Vinho do Poeta Tinto 2012 (#CBE)

Agosto chegou e eu trago mais um vinho comentado a pedido da Confraria Brasileira de Enoblogs (CBE). A sugestão deste mês veio do confrade Gil Mesquita (Vinho para Todos), que fez a seguinte pedida: "um tinto do Douro, de qualquer faixa de preço". Gostei bastante da minha escolha. Confiram abaixo a avaliação.


Origem: Douro, Portugal.
Produtor: Quinta Maria Izabel.
Cor: Violeta profundo.
Olfato: frutas negras, noz moscada, canela, café com leite e discreto apimentado
Paladar: médio corpo, taninos macios, boa acidez e final de média persistência.
Outras considerações: Um vinho com leve toque rústico, mas com ótima evolução. Confesso que me surpreendeu. De acordo com o produtor, é feito com castas tradicionais portuguesas, porém ele não identifica quais. Estagiou em carvalho francês por nove meses. O enólogo é o eterno Douro Boy Dirk Niepoort.

Média de preço: R$ 59. Importado pela Ridouro.
Classificação: Boa compra.

quarta-feira, 11 de janeiro de 2017

Maria Izabel Blanc de Blancs Bruto 2014


Tipo: Espumante
Produtor: Quinta Maria Izabel.
Origem: Douro, Portugal.
Características: Lançamento da Quinta Maria Izabel - vinícola portuguesa com DNA pernambucano (saiba mais), este é um espumante elaborado através do método tradicional, com segunda fermentação em garrafa durante 15 meses.
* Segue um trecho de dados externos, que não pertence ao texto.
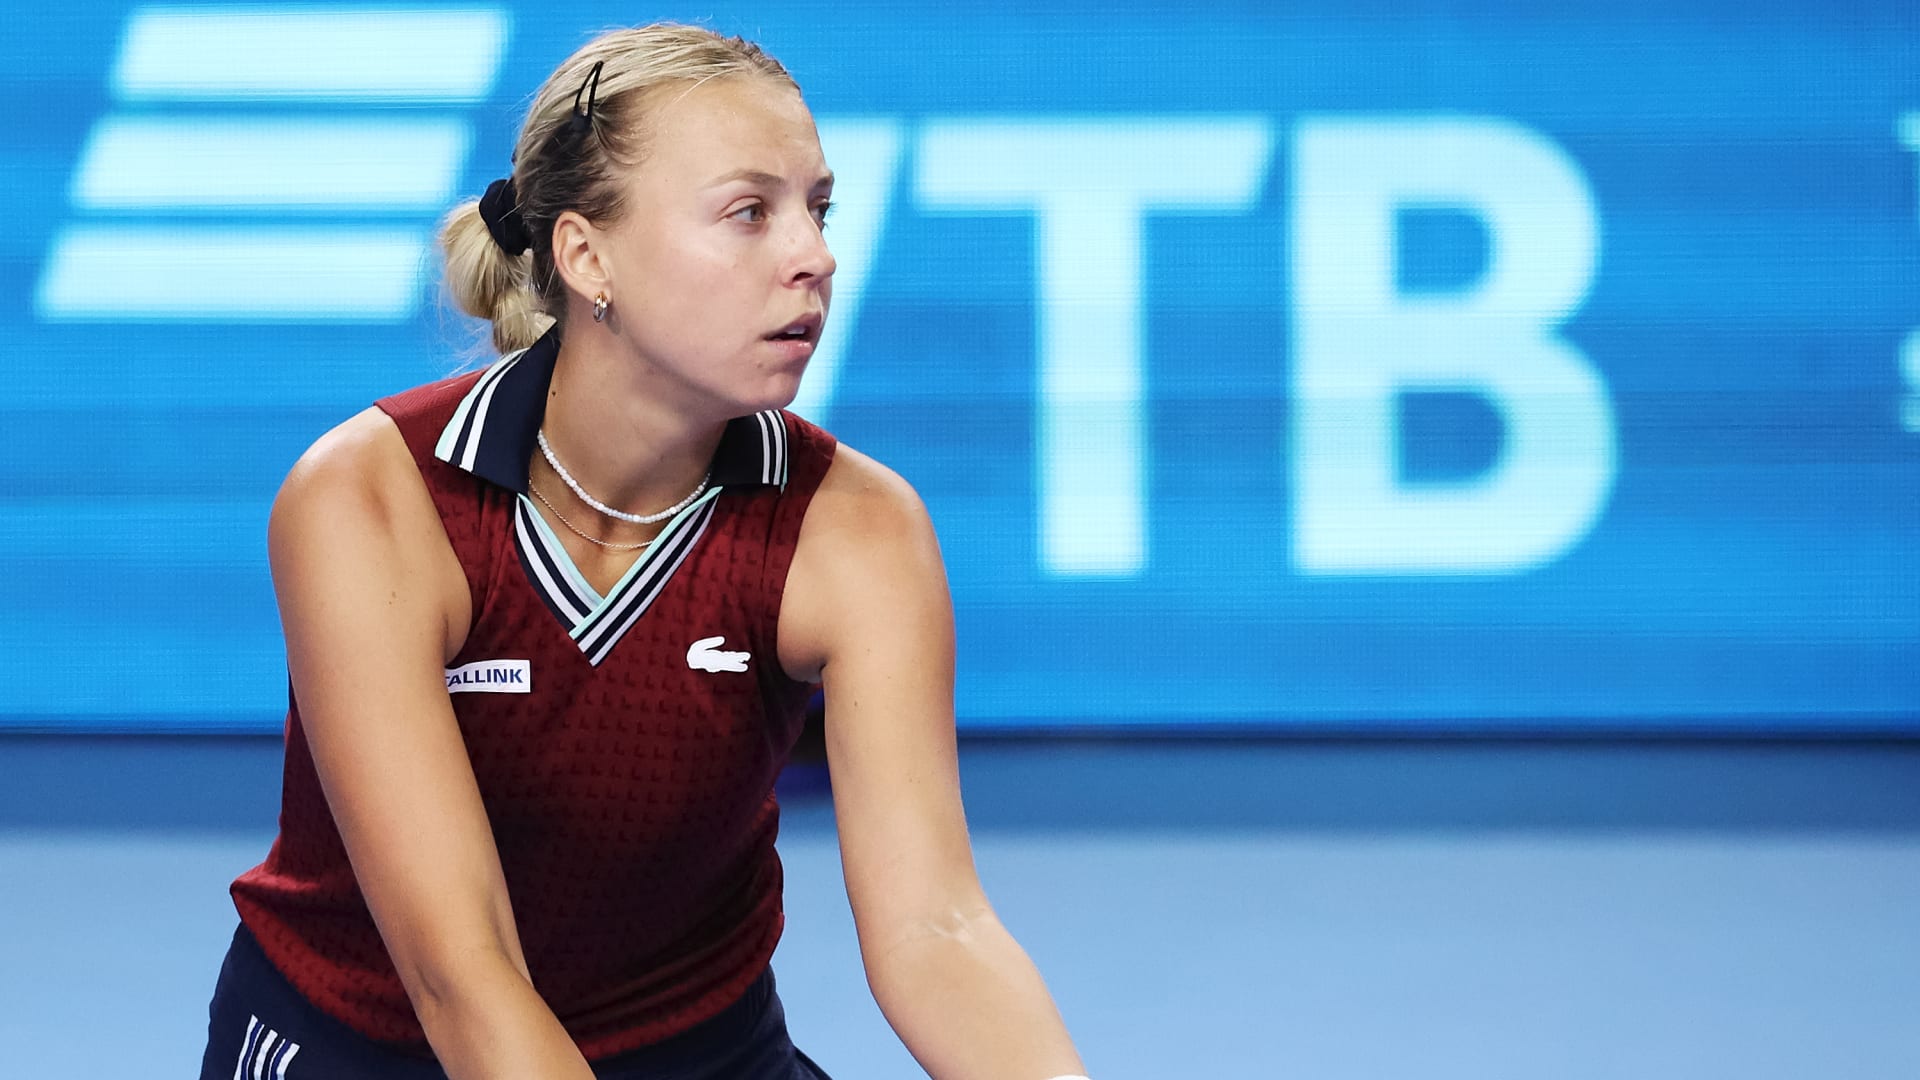 It all comes down to Anett WTA Finals field to be decided between Kontaveit, Ons Jabeur in Cluj-Napoca

Na sua composição estão as uvas Gouveio, Malvasia Fina, Arinto e Touriga Franca. A bebida mostra uma coloração de tonalidade acobreada e uma boa formação de espuma, com borbulhas finas e intensas. O aroma traz características levemente cítricas, de pão tostado e melão. Na boca exibe caráter seco, cremoso e persistente. Os sabores refletem as impressões do nariz.

Classificação: Muito Bom/Excelente.
Média de preço: R$ 80 a 90 [Importado pela Ridouro]. 

quinta-feira, 18 de agosto de 2016

Quinta Maria Izabel diversifica seu portfólio

Há um ano, escrevi aqui no blog sobre os vinhos da Quinta Maria Izabel, frutos do moderno e inovador projeto implantado pelo empresário João Carlos Paes Mendonça na região do Douro, Portugal, com a consultoria do enólogo Dirk Niepoort (relembre). Hoje, volto para falar sobre os novos rótulos que vieram para incrementar portfólio da marca.


Além do Quinta Maria Izabel e do Porto Vintage, agora o consumidor pode encontrar a linha Maria Izabel e a M.I. A filosofia é de vinhos encorpados, com bons taninos e muito caráter. Todas as uvas utilizadas são provenientes dos vinhedos da propriedade.

De acordo com o importador João Ferreira, da Ridouro, ainda este ano devem ser lançados os vinhos de entrada de gama da Quinta.

Esta semana, fiz uma prova dos novos rótulos. Numa rápida avaliação, posso afirmar que os brancos exprimem frescor e elegância; o rosé leveza e vivacidade, e os tintos jovialidade e potencial de guarda.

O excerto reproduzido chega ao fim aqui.